Porque y esa es la deuda que mantenéis con la humanidad, para ser pueblo y
reclamar un territorio, es necesario contar con un mínimo de requisitos de los
que vosotros, retorciendo la historia, aterrando a la gente y mintiendo sin
interrupción, quisisteis desentenderos. Cierta vez os lo urgieron y, a falta de
argumentos, contestasteis con terrorismo, llamándolo, no terrorismo, sino
Intifada que sería lo mismo; pero los tiempos se os terminaron y tendréis que
dar una respuesta coherente, porque para ser pueblo deberíais haber tenido al
menos una moneda, una Constitución, una historia.
Y no tenéis ni por asomo la
una, ni la otra, ni la tercera tampoco.
De modo que, vistas esas vitales
carencias, demandáis algo que evidentemente no es ni ha sido vuestro y del que a
regañadientes el mundo os reconoce como propietarios, pero tan sólo por vuestra
presencia de facto y no porque tengáis algún derecho al reclamo.
Mientras tanto
que nuestro pueblo, exiliado forzoso y dueño genuino de esa tierra de la que
entre romanos, otomanos y árabes nos echaron para posteriormente despreciarla y
destruirla, ha vuelto para hacerse cargo de lo poco que ellos y también vosotros
no depredaron del todo o dejaron en pie renqueante y para reescribir sobre
dichas ruinas una historia que quisieron y/o quisisteis, sin éxito, borrar
arteramente.
De modo que antes de reclamar nada, demostrad vuestra legitimidad y
con hechos y papeles, no con argucias y mentiras. Y mientras esperamos, ustedes
y nosotros, por novedades al respecto, ved entretanto como este 8 de mayo de
2008 levantaremos la copa, brindando por nuestro 60 ANIVERSARIO COMO PATRIA
LIBRE E INAMOVIBLE DEL PUEBLO JUDÍO TODO.
Os ruego que no toméis esta carta como una bravuconada y mucho menos la
consideréis un exceso. Pero tened sí en cuenta y apreciad la levedad con que os
trata nuestro tembleque e irresoluto gobierno actual y haced cálculos de lo que
estáis perdiendo, que encima es poco debido a nuestra sujeción. Con todo,
considerad también que cuando uno está en medio de una jauría de perros que
ladran y también muerden, tiene la necesidad y el derecho de defenderse.
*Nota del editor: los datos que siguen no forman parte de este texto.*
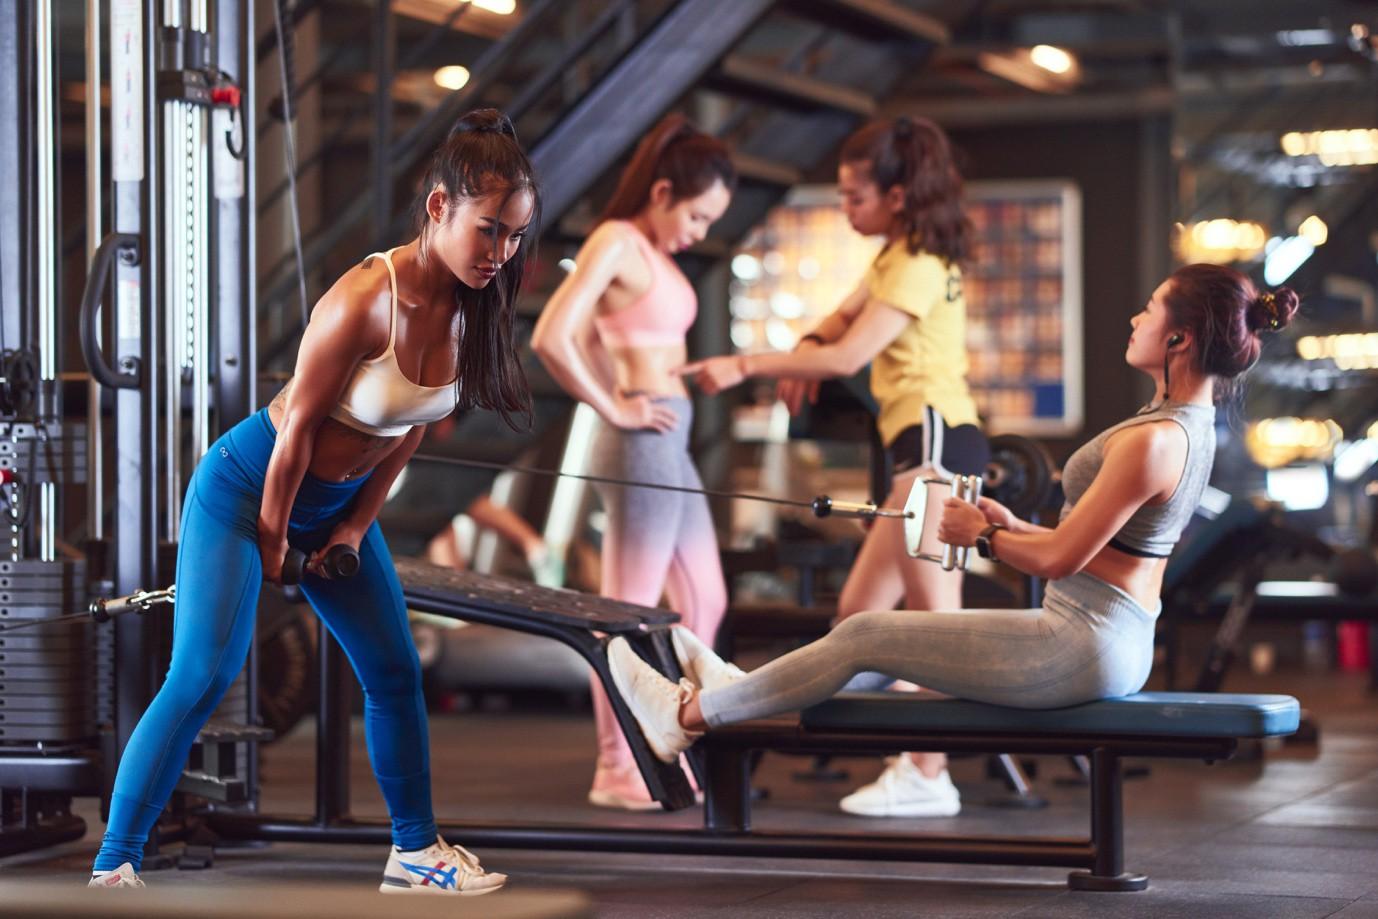 Ảnh nữ tập gym
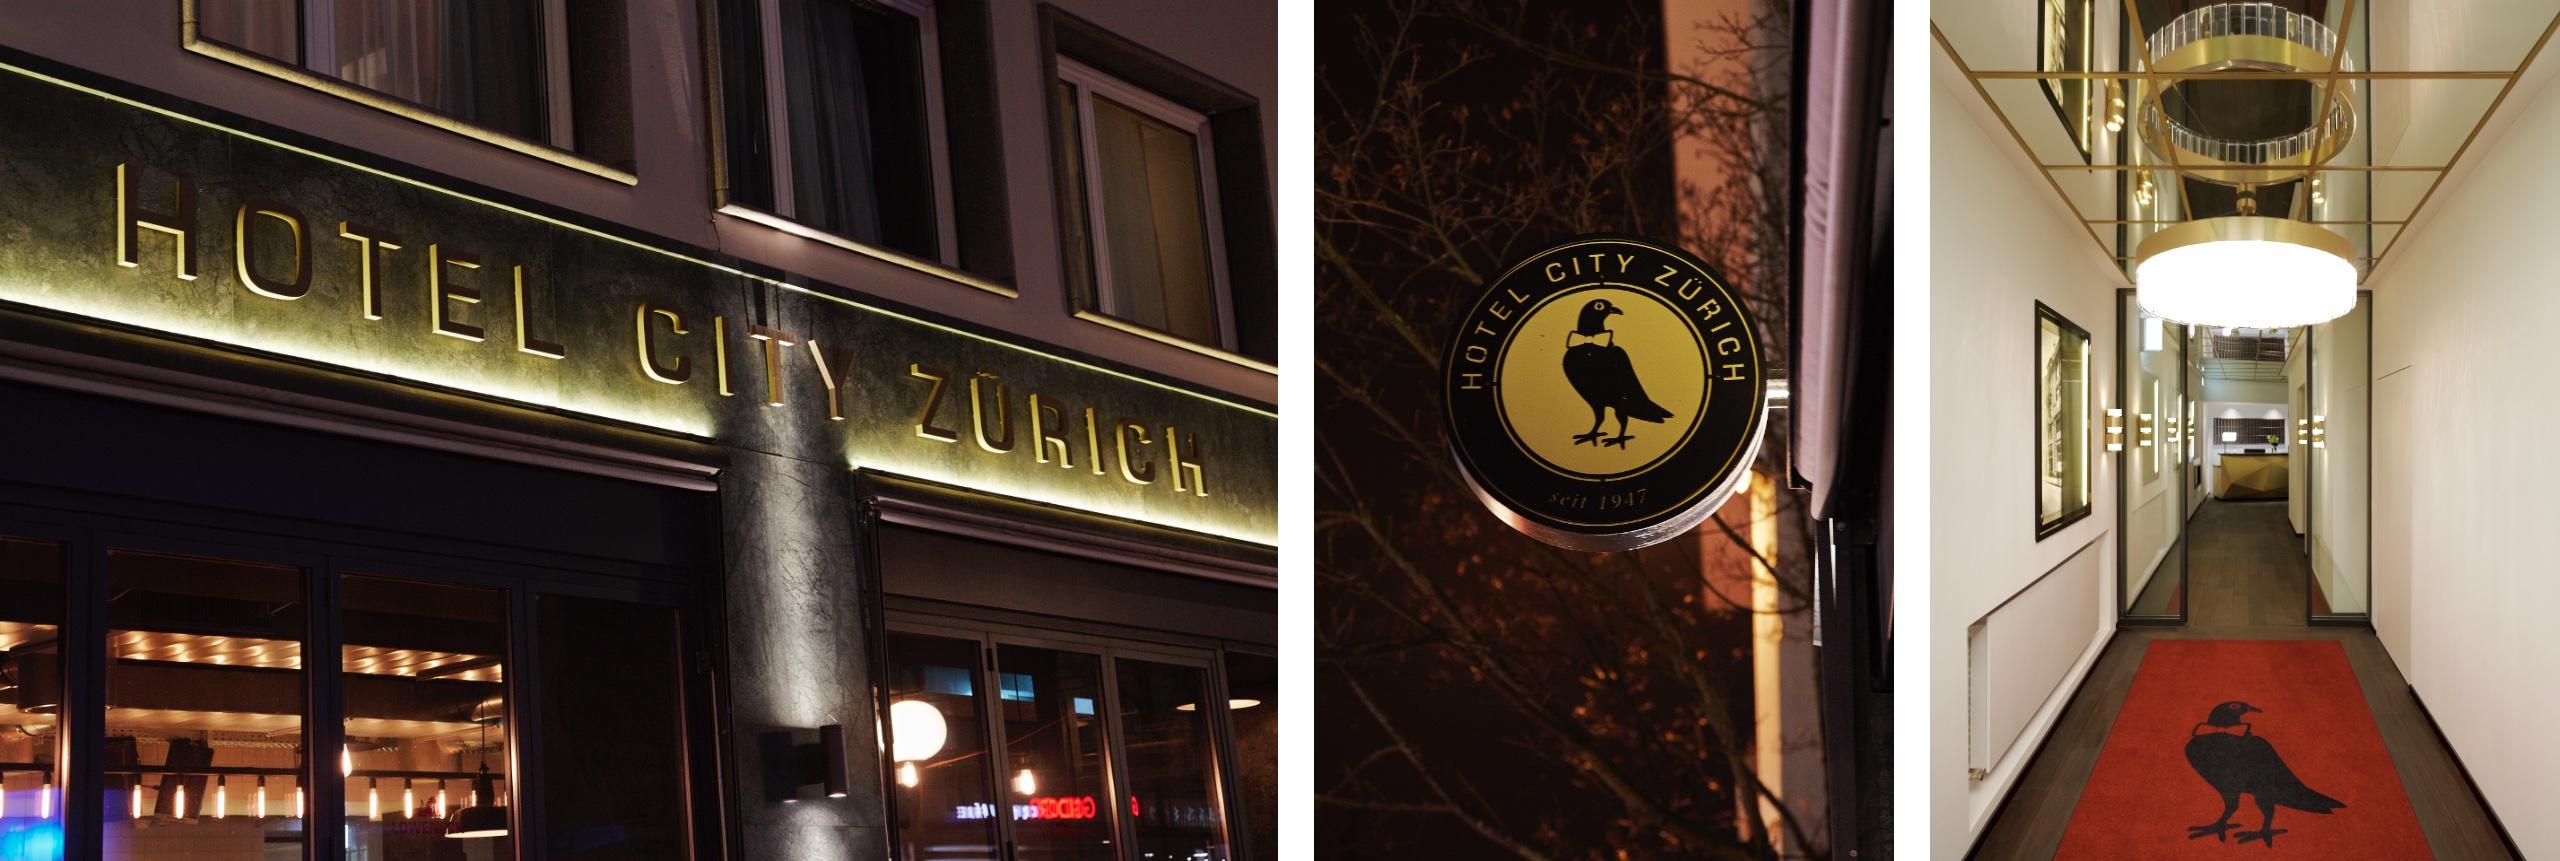 Hotel City Zürich Fassade, Logo, Lobby

Y no
otra cosa es lo que hacemos los judíos, pueblo pacífico por naturaleza, en
humana reacción a los innúmeros ataques solapados y letales de quienes como
vosotros, buscan nuestra desaparición como Estado Judío.
Eretz Israel, Am Israel, ¡¡¡Lejaim ve Shalom!!!
* Anche, en italiano: "y también".
** Coloqué un asterisco doble de llamada y advertencia al término DON, por
cuanto se trata de una sigla que se empleaba antaño para significar que una
persona era De Origen Noble; en el caso de estos dos sujetos, apenas una ironía.